TASK DESCRIPTION:
Transcribe the listing exactly, so that nothing but the pictures is missing.

SUPPLIED DATA:
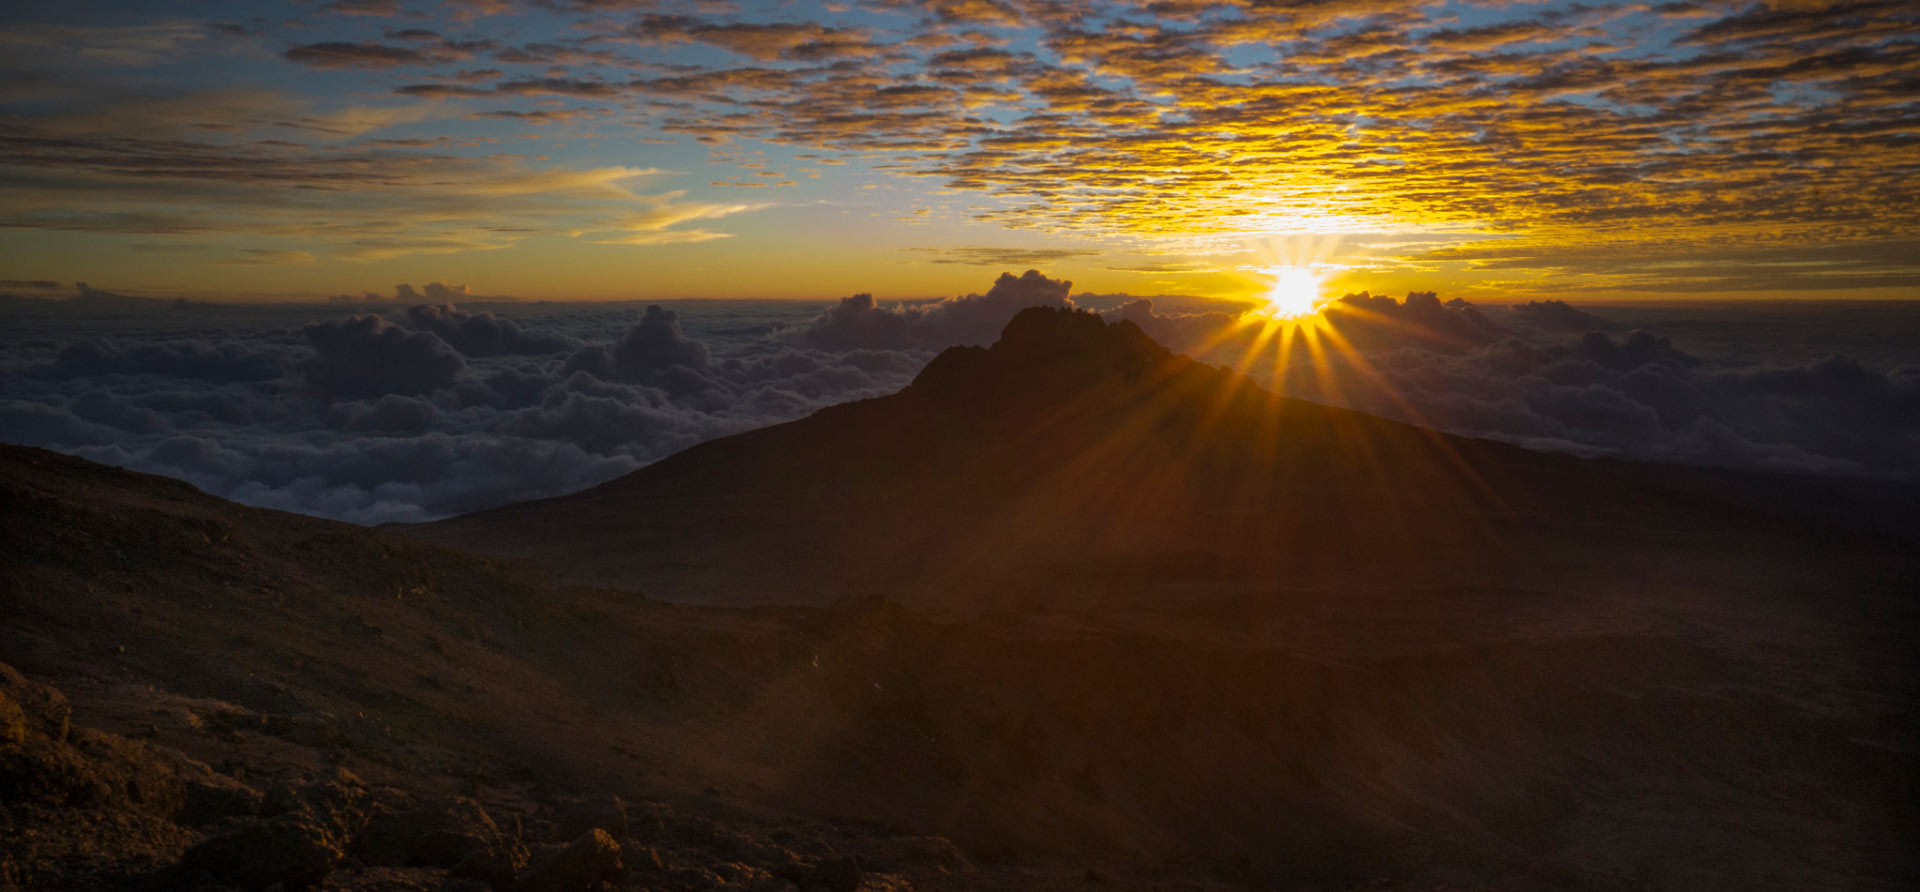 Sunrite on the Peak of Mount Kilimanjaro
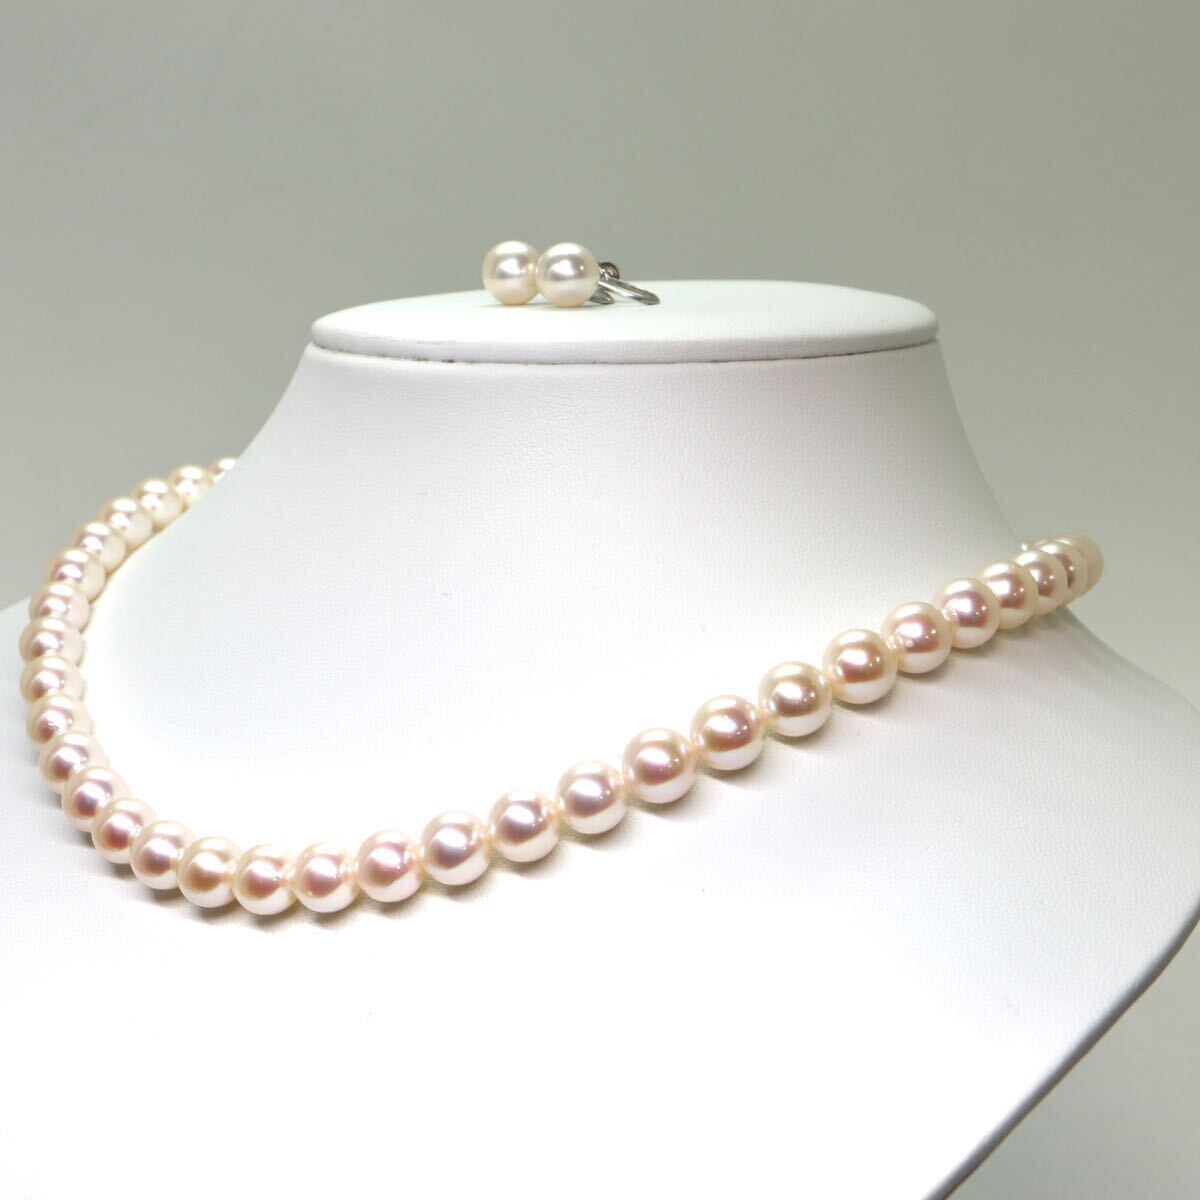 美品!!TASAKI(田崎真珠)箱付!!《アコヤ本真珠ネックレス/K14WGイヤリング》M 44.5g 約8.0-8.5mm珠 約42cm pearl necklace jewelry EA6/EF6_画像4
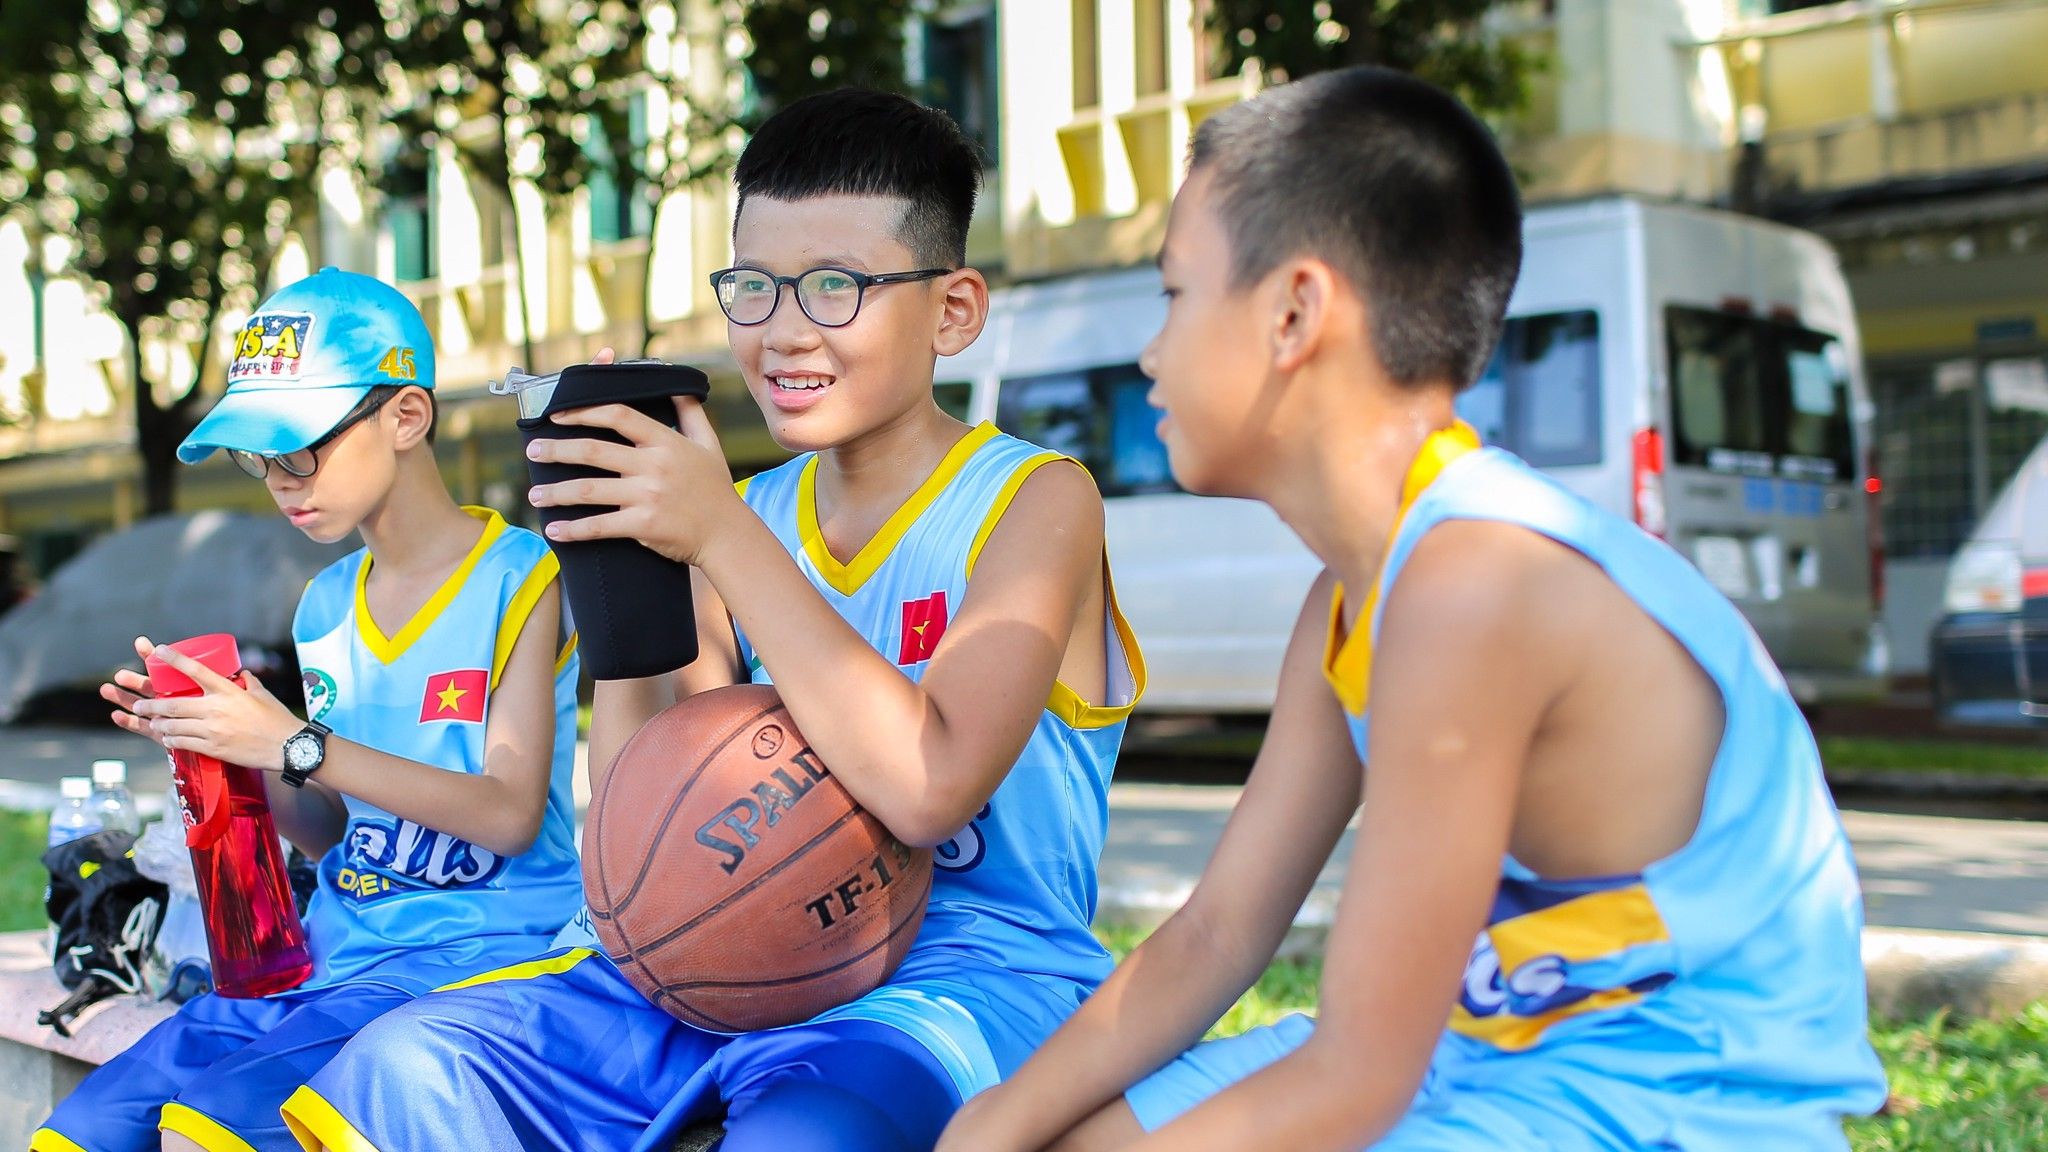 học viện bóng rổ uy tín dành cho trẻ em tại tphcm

ANSWER TO THE EXERCISE:
 Sunrite on the Peak of Mount Kilimanjaro
 美品!!TASAKI(田崎真珠)箱付!!《アコヤ本真珠ネックレス/K14WGイヤリング》M 44.5g 約8.0-8.5mm珠 約42cm pearl necklace jewelry EA6/EF6_画像4
 học viện bóng rổ uy tín dành cho trẻ em tại tphcm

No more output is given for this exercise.